How to help them handle relationships with the opposite sex:
Humans are sexual by nature, and we build attractions. Help your daughter understand the changes in her body and her sexual feelings. Find the correct information to help her become sexually educated. Of course, no mother, or parent for that matter, wants to think of their teen as sexual beings, but the truth is, they are curious, and it is a normal aspect of growth and development. We can stand there and forbid them against being sexual, and close the door on that topic; but then where do you think they will go to acquire knowledge about their curiosities? They will go to their friends, the internet, or just plan learn from trial and error. Would it not be better for them to feel they can talk to you? Especially about a topic as sensitive as sex. Abstinence should be the goal, but making sex a forbidden topic, only makes it a topic more intriguing to them. Why not prepare them with the knowledge about what they are feeling, how it is normal, and how you too went through those same feelings. Help them understand that they do not have to act on those urges because sex should never be something we as women are pressured into doing. Also, teach them about staying safe and what the consequences are if they choose to engage in sexual intimacy.

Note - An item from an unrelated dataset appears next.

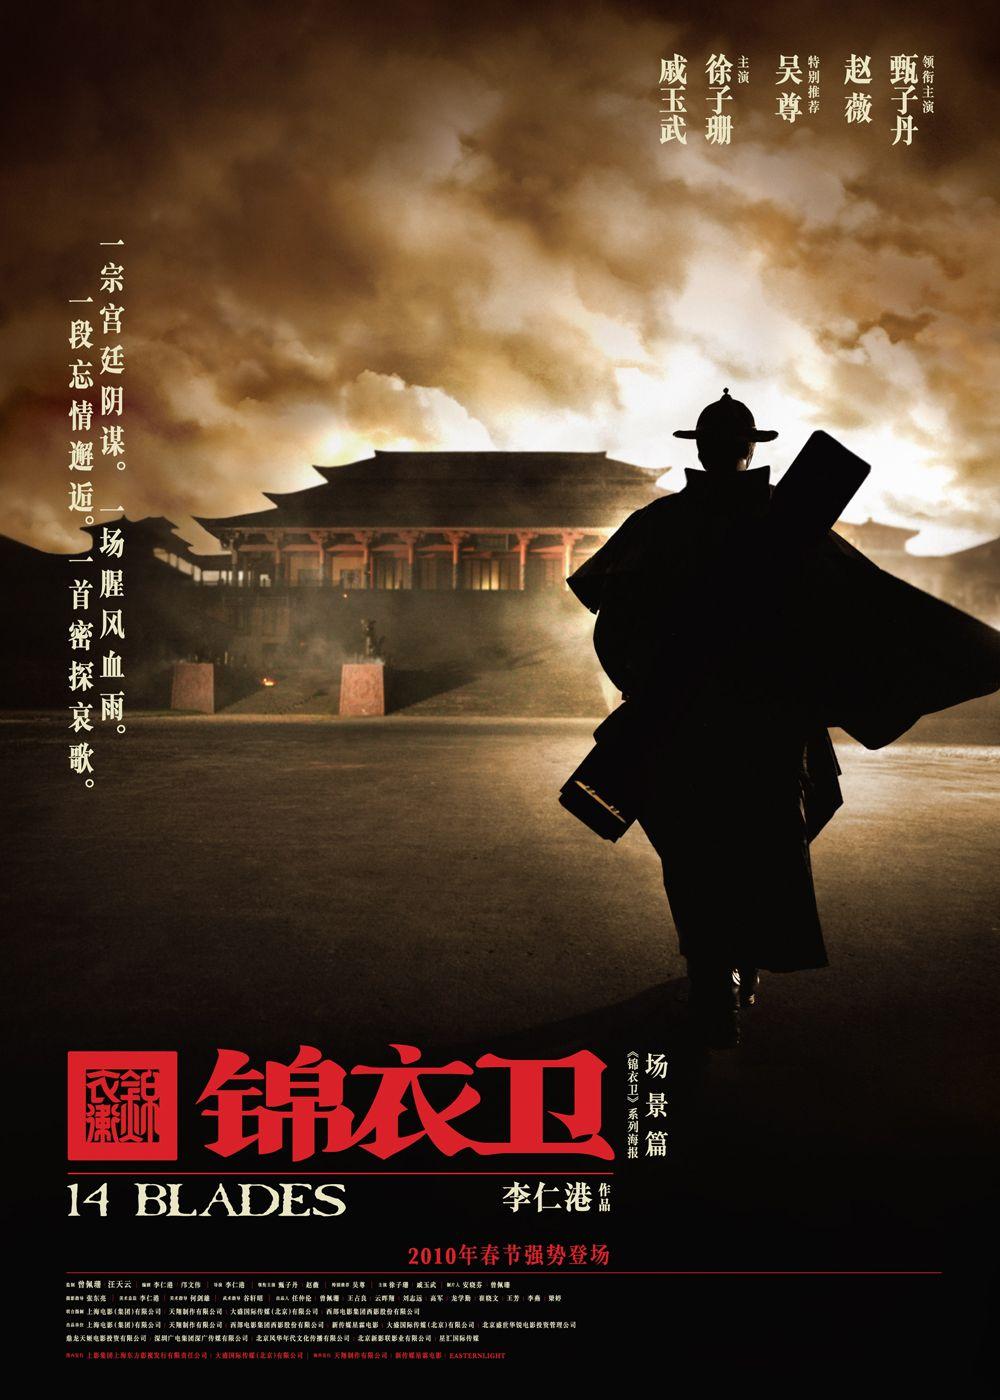 14 Blades Donnie Yen Martial Arts Film

Speak to them about date rape and other important sexual issues. What you want to create is an environment where your teen daughter is empowered by you as a mother, and that you nourish her mind so she can make the best decisions.
The bottom line is, we as mothers have to be the mentor for our teen daughters. To stifle the relationship behind dos and don’ts, and locking the door on open lines of communications, you are setting yourself up for a troubled teen. Think about this, the relationship you establish with your daughter will be what she models her relationship with her own children after. As a mother, we should be who they run to when the chips are down, and we should be the one’s they run to when the chips are up. We have to be their authority figure, but we do not have to be so rigid that it makes them fearful of us as parents. We do not want to develop a friendship with them, yet we want to let them know we do have things in common, maybe just on different levels. We should share in their trials and errors, and be there unconditionally by empowering them with all the knowledge we can; so that, they leave their teen years behind, emerging as a smart, strong, and independent woman.